俺様御曹司が溺甘パパになって、深い愛を刻まれました

部屋の隅にある三段ラックには、母子手帳が立てかけてある。そこに、診察のたびにもらえるエコー写真を挟んでいた。

母子手帳を手に取り開くと、豆粒のような胎のうから、出産直前の輪郭までしっかりとわかる、夜尋の写真が出てくる。


たった四年前のことなのに懐かしい。


あのころはすべてが大変だった。
雇ってもらったのに、つわりでほとんど働けない状態が続いて申し訳ない気持ちでいっぱいだった。

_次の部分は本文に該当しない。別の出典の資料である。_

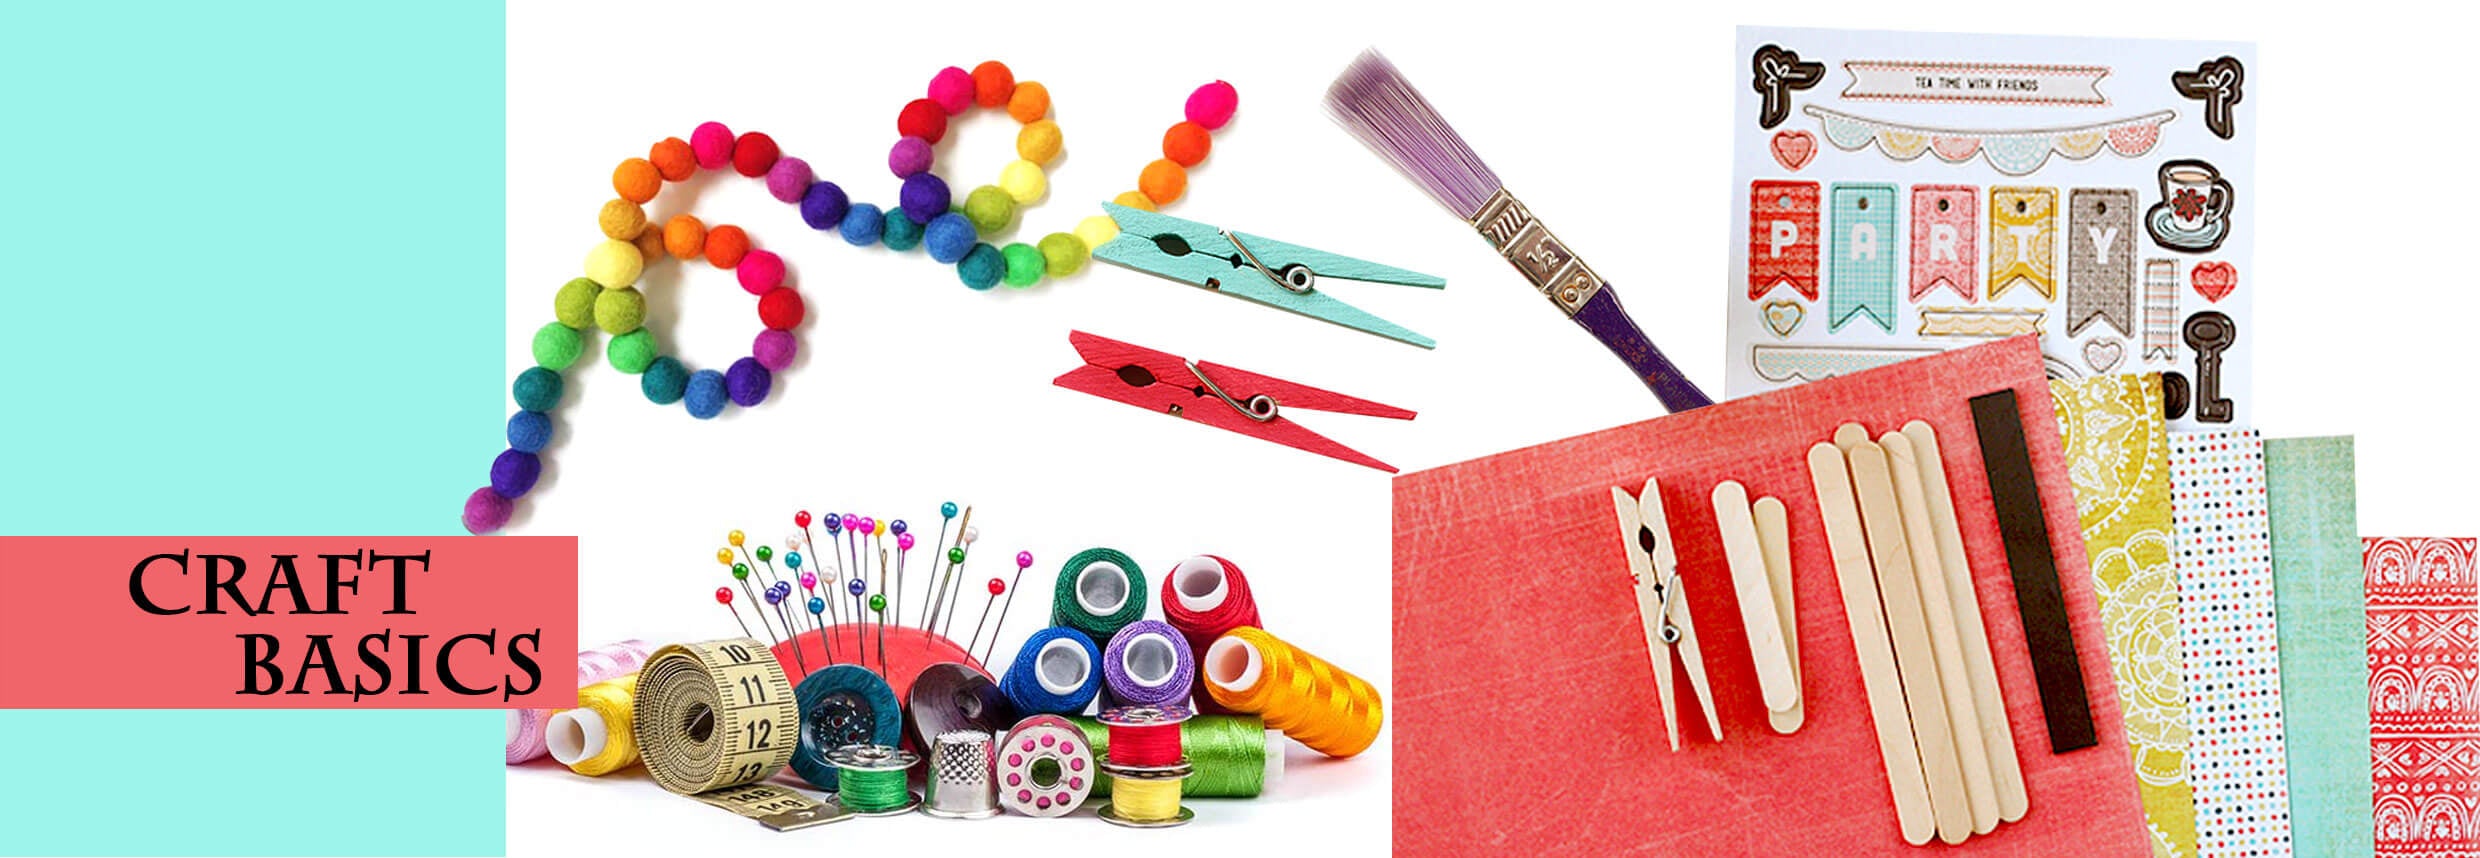 Shop Arts, Crafts and Sewing - Arts, Crafts & Sewing Products Online in  Dubai, United Arab Emirates - UNI59932340

働けない新人などお荷物だったろうに、女将さんや、花恵さんが通院に付き添ってくれたり、他の人たちも無理をするなと声をかけてくれた。

花恵さんにいたっては、自分も子供がいて大変だったろうに。
やっと働けるようになっても、お腹が大きくなれば仕事は限られ、産後もたくさん甘えさせてくれて、それは今でも継続中だ。

感謝しかない。

この旅館がなかったら、夜尋と二人、そこらで野たれ死んでいただろう。


休ませてもらっている中、温かい人たちが働く旅館を盛り上げたい、恩返しをしたいという気持ちに駆られ、出産後は最短で復帰をした。

初めての出産と育児。
新しい住まいに、新しい仕事。

ギリギリで生きていて、落ち込むこともたくさんある。
特に子育てが一番不安で、父親がいないという状況を、寂しがらせてしまうかもしれないと悩むときもあるが、産んだことを後悔してなどいない。


夜尋がいたから頑張れたし、いま夜尋がいてくれて、この星林亭で働けてとても幸せだ。